== Work item ==
Going line by line through the records below, write out everything starting with the line containing "Ø 8 x H 7 cm" and going on through the line containing "Meditation Mats In Circle", exactly and inclusively. Pictures do not go in.

== Supplied records ==
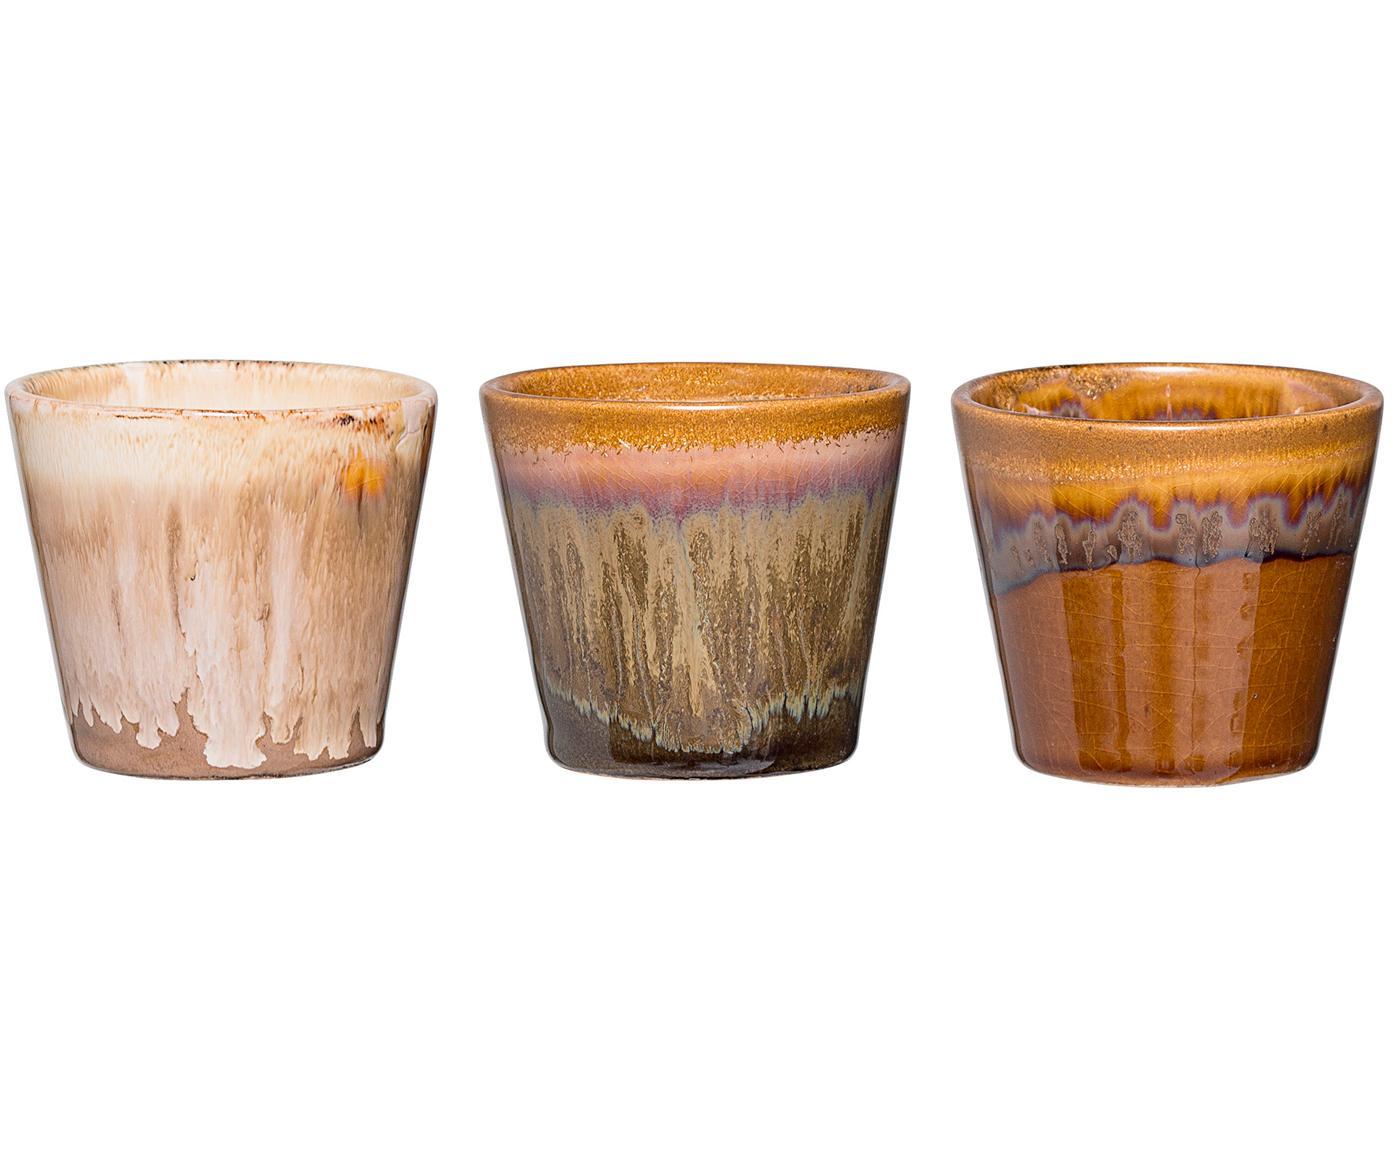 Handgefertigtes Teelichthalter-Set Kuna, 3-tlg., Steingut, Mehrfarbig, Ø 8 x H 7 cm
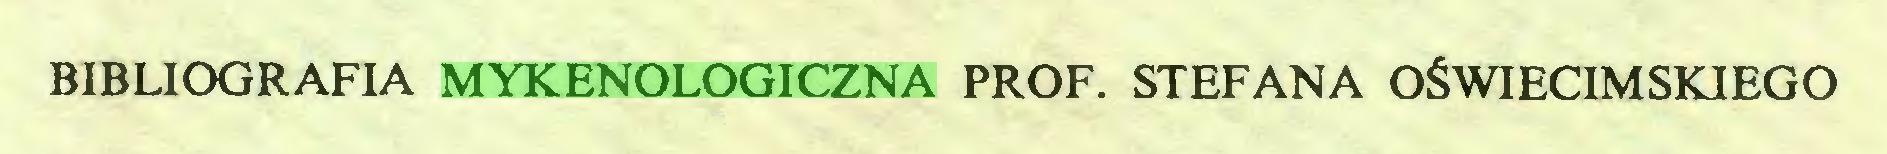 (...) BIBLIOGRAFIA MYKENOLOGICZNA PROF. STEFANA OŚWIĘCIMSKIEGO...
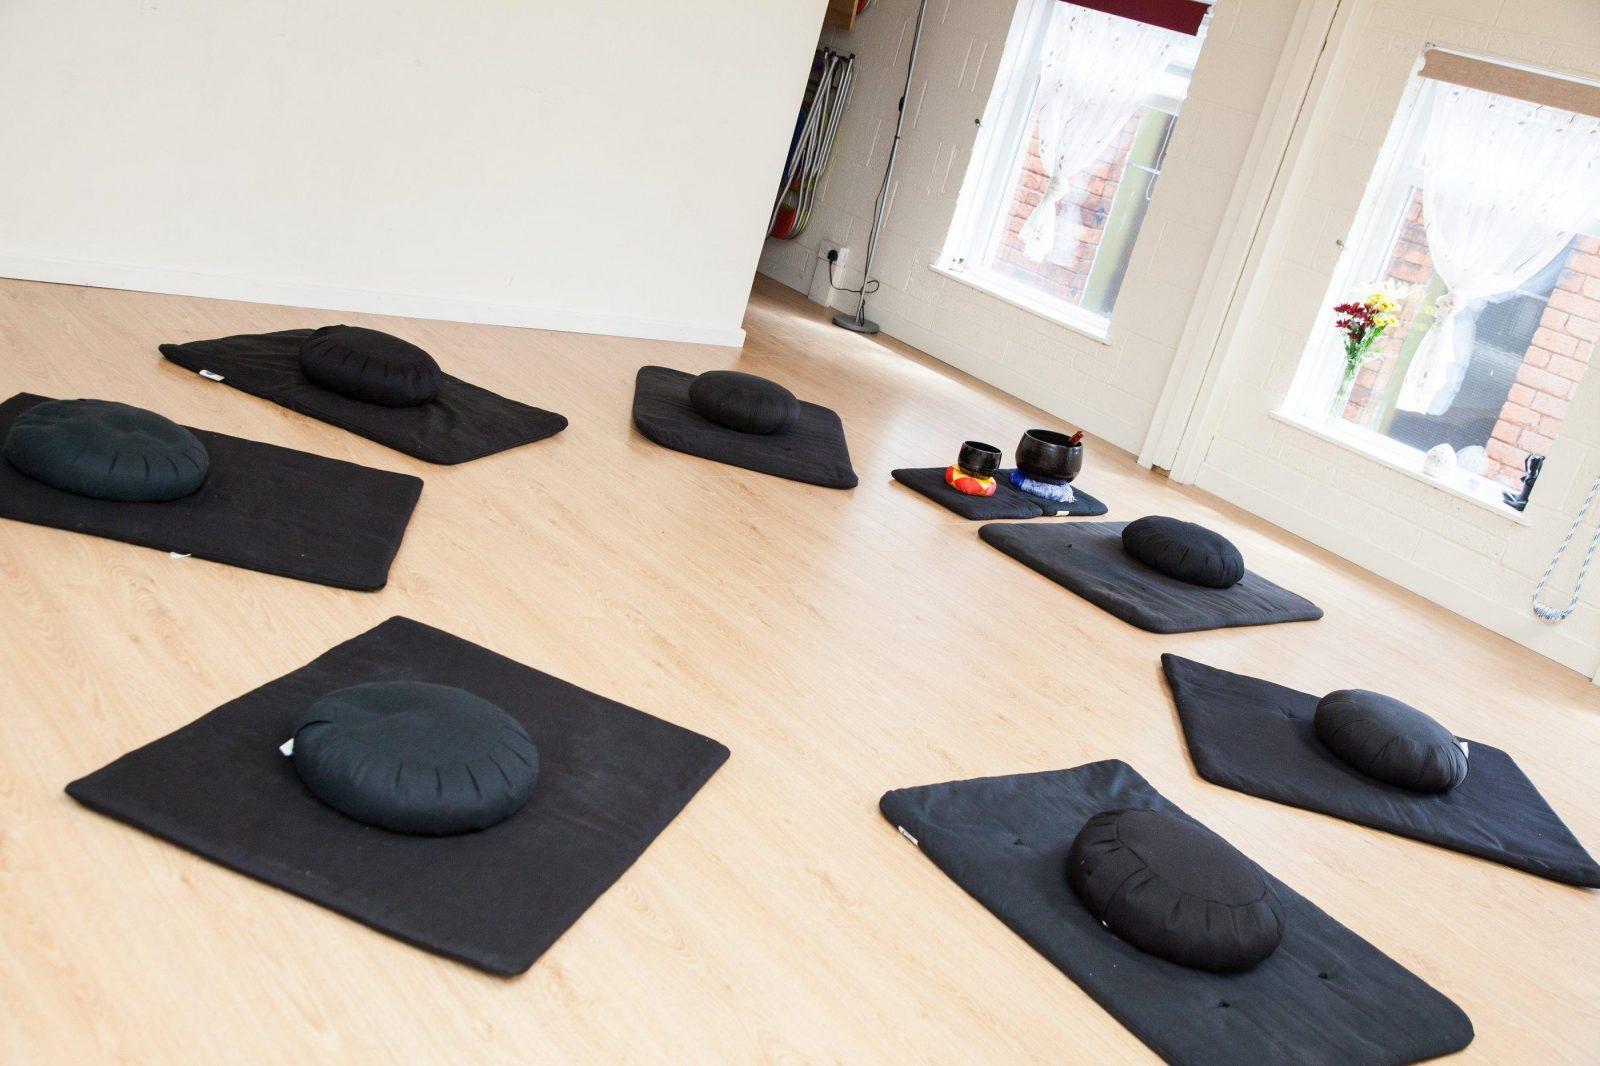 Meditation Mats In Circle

* * *

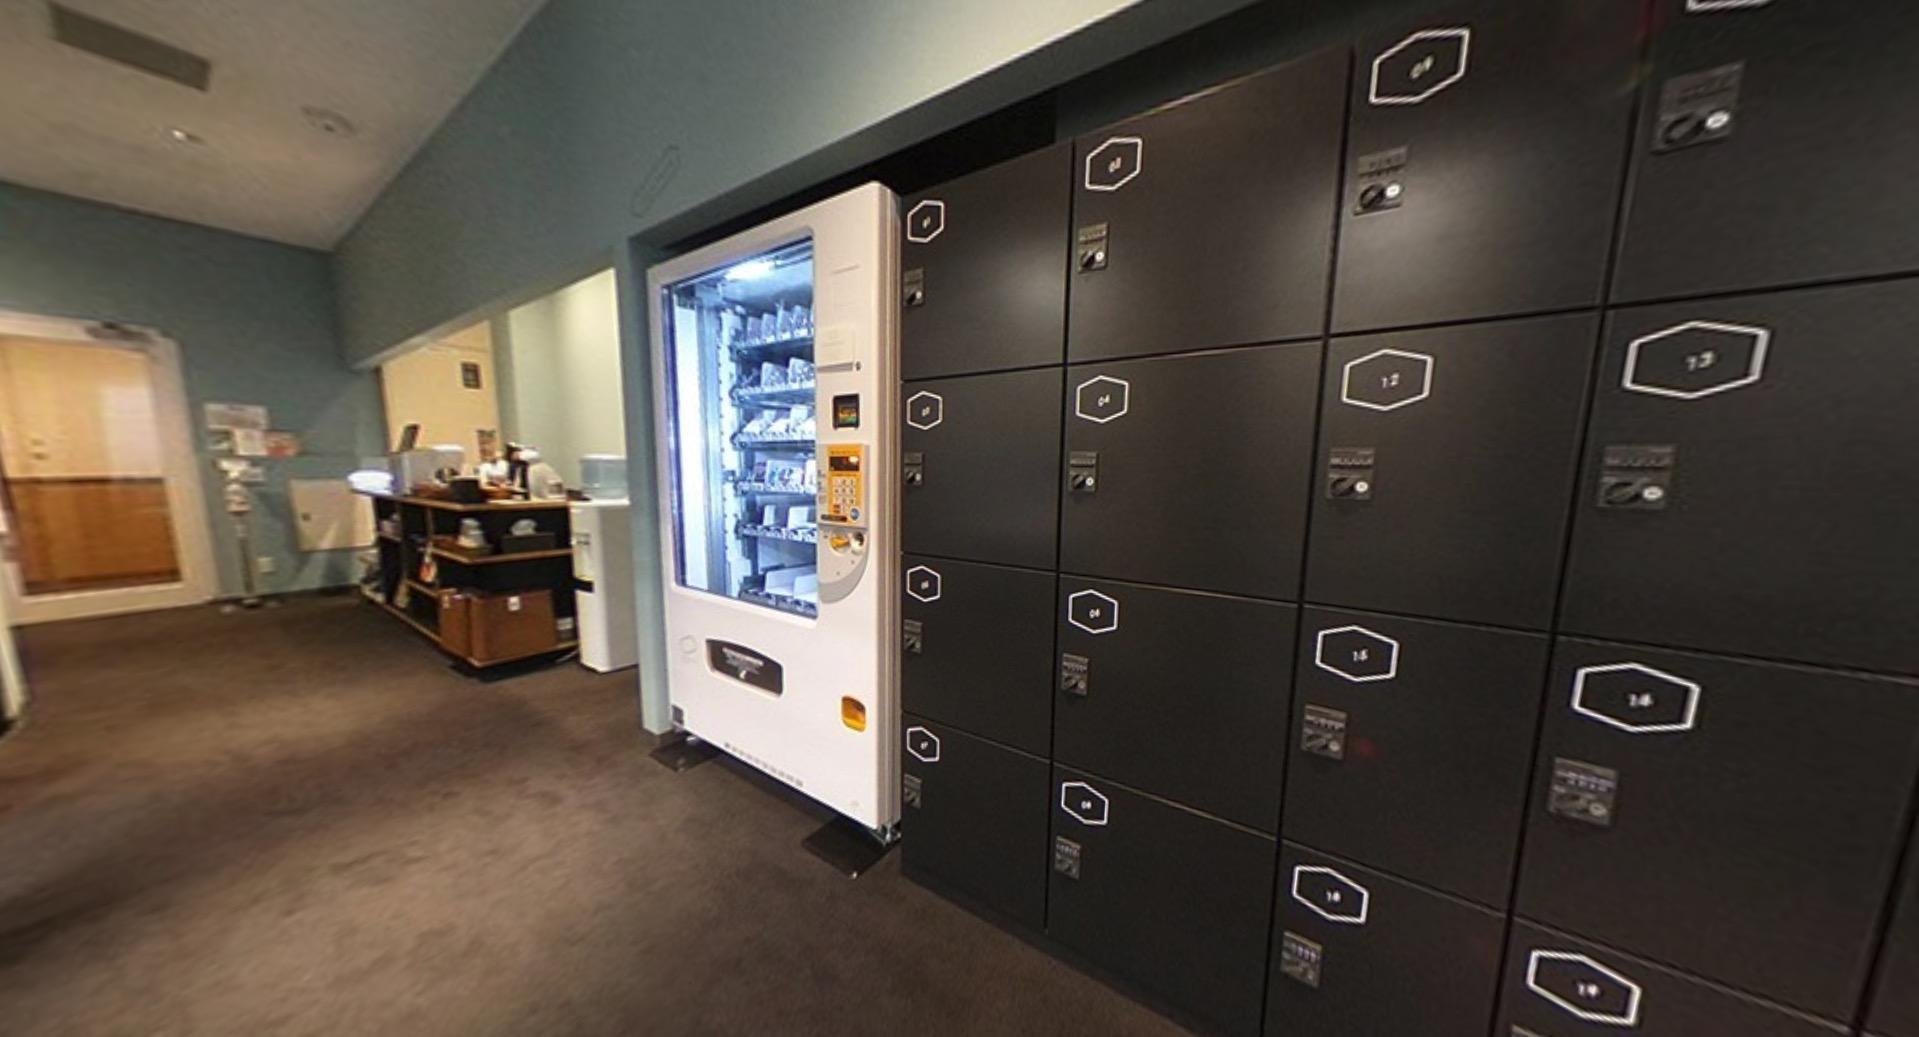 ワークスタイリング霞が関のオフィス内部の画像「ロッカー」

---

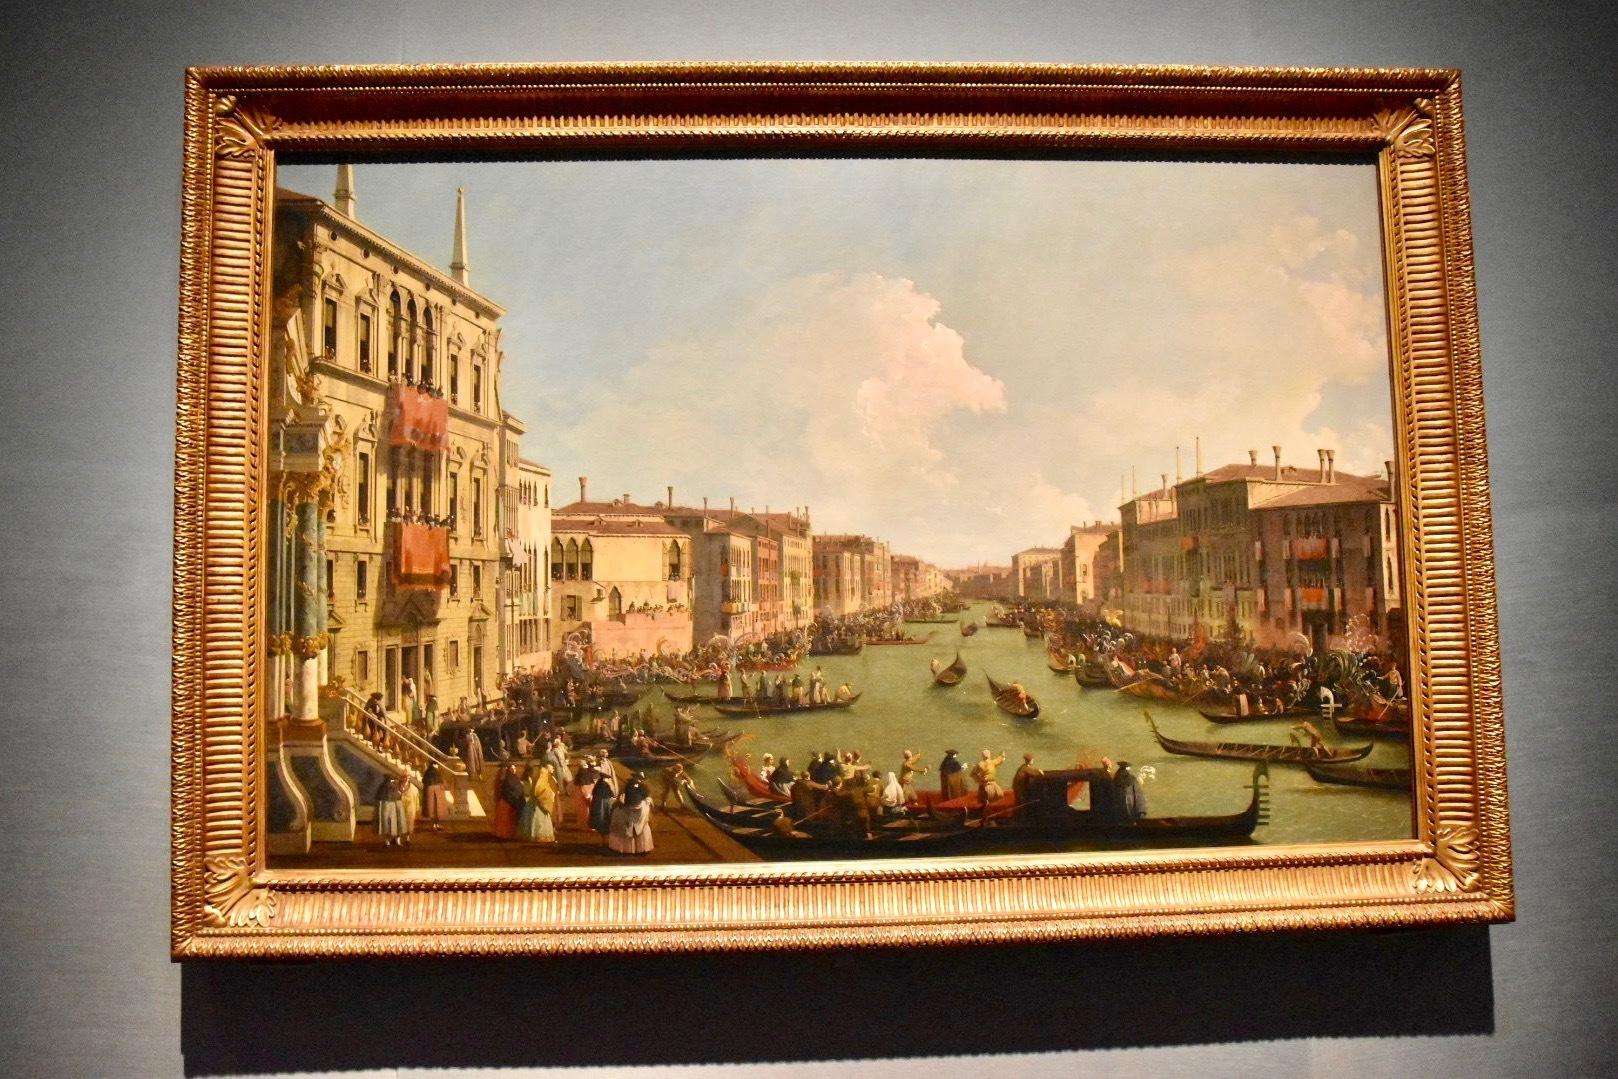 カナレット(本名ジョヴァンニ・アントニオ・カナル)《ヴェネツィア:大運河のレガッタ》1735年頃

== Result for this exercise ==
 Handgefertigtes Teelichthalter-Set Kuna, 3-tlg., Steingut, Mehrfarbig, Ø 8 x H 7 cm
 (...) BIBLIOGRAFIA MYKENOLOGICZNA PROF. STEFANA OŚWIĘCIMSKIEGO...
 Meditation Mats In Circle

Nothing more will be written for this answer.